With the increased popularity of and technological advancements made with dental implants in recent years, dental hygienists are seeing an increasing number of patients who require a little extra care in maintaining these implants.
In theory, using an instrument of like metal against a titanium abutment or implant would reduce scratching, which is why titanium instruments are often used for implant care. There are three classifications of dental implant maintenance: Class I patients have healthy tissue around the implant and only require cleaning of the prosthesis and prophylaxis. Class II patients may have some peri-implant gingival recession, pockets of 4 mm or greater, and exposed abutments. Class III implant maintenance patients have significant bone and tissue loss that exposes the implant itself. (1) Although I typically use conventional instruments on implants without an exposed abutment, I am always looking for instrument options for my patients who need Class II or III implant maintenance care.
One of my favorite combinations of instruments for keeping implants clean and healthy is the (appropriately named) Wingrove Go-To Set from Paradise Dental Technologies (PDT) Inc. This set includes three medical-grade titanium scalers, an EasyView probe, and a specialty Diamond Head Ceramic Sharpening Stone, all in a FlipTop cassette.
Each of the three instruments is designed for a specific location and type of prosthesis. The Ti-L3-4 is for narrow-based posterior crowns while the Ti-B5-6 is for wide-based posterior crowns. The Ti-N128-L5 Mini is for anterior crowns, locator abutments, Hader bars, and exposed threads. The handles are lightweight and ergonomic, and the tips are slim.
One problem I’ve run into with plastic instruments is that their tips are bulky and do not fit within the dental implant thread pitch (i.e., the space between the threads) enough to be effective. But this set provides an instrument for any need and I will always keep it handy for my implant patients.

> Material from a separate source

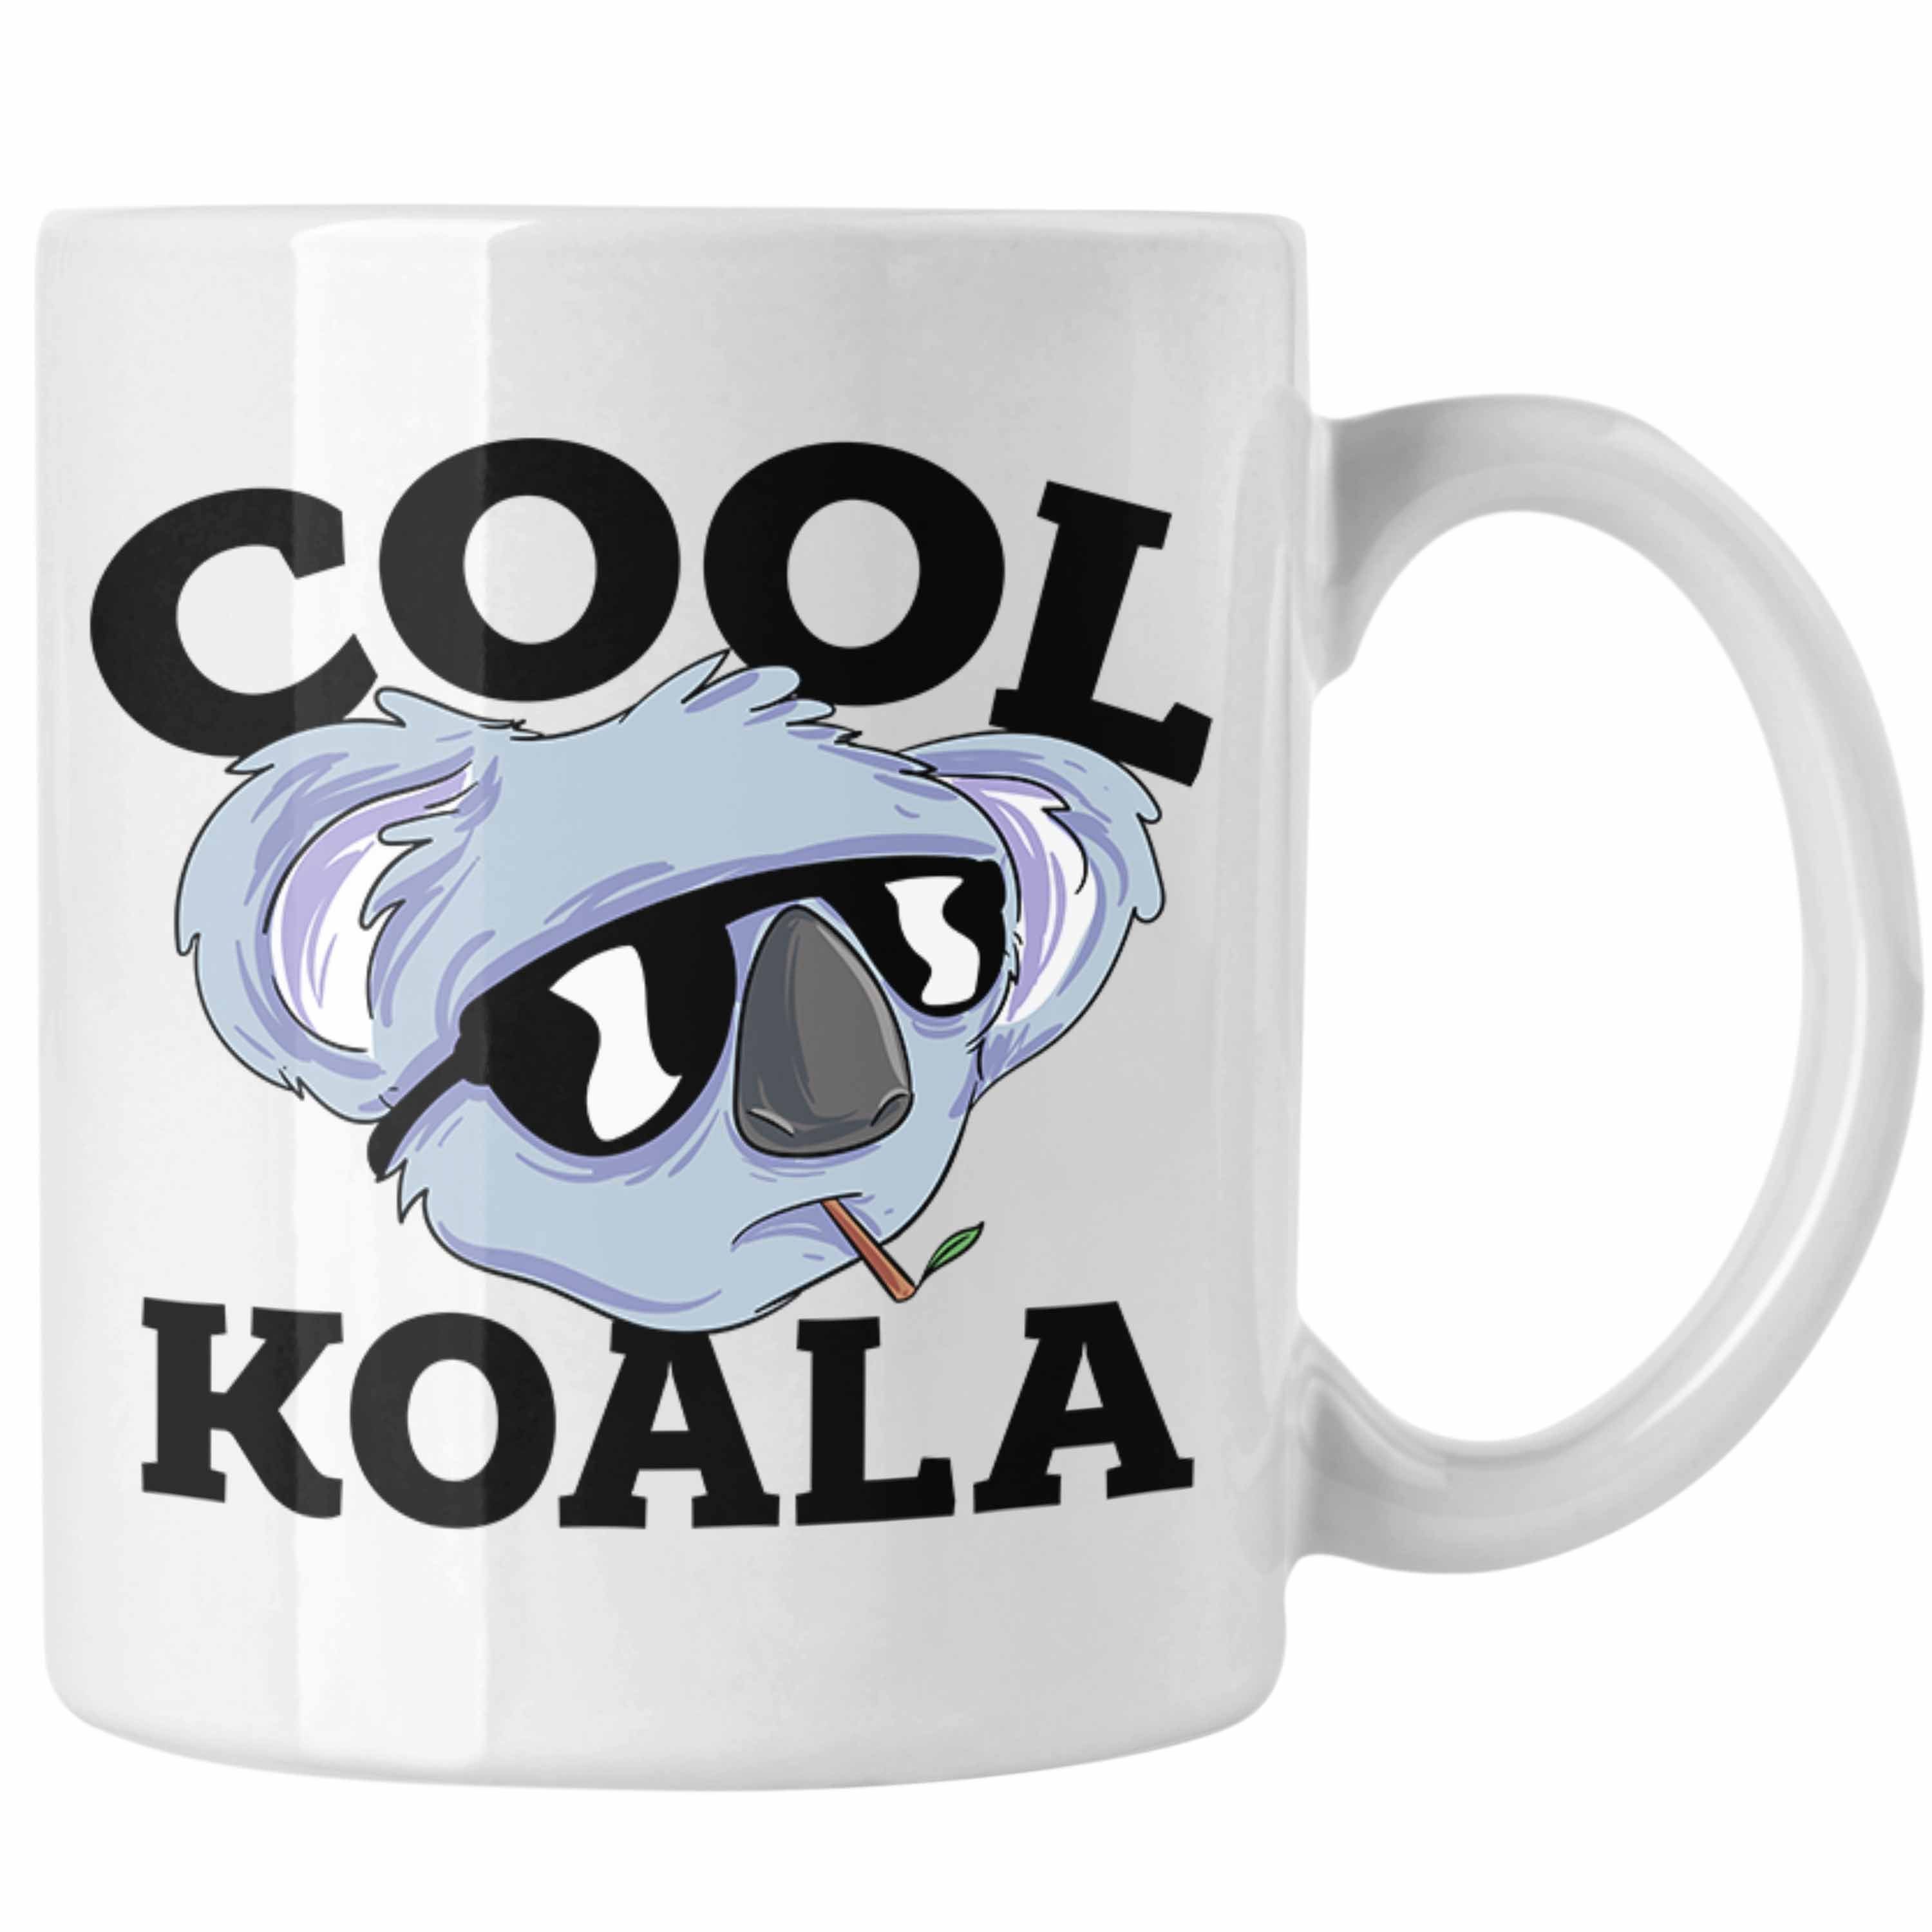 Trendation Tasse Tasse Koala Geschenkidee für Koala-Liebhaber Tasse Koala-Aufdruck

I love having all three titanium instruments together in a cassette because you never know what you’re going to get with an implant patient.
1. Hempton TJ, Bonacci FJ, Lancaster D, Pechter JE. Implant Maintenance: Technique and tools for effective debridement of artificial anatomy. Dimensions of Dental Hygiene website. http://www.dimensionsofdentalhygiene.com/2011/01_January/Features/Implant_Maintenance.aspx. Published January 2011. Accessed February 2017.
Editor's note: Do you have a question for Colleen? Is there a product you'd like to see her review? Or would you like to submit your own hygiene product article? Send an e-mail to [email protected]. You might just see it in the Hygiene Product Navigator! If you're not a Product Navigator subscriber, click here to sign up.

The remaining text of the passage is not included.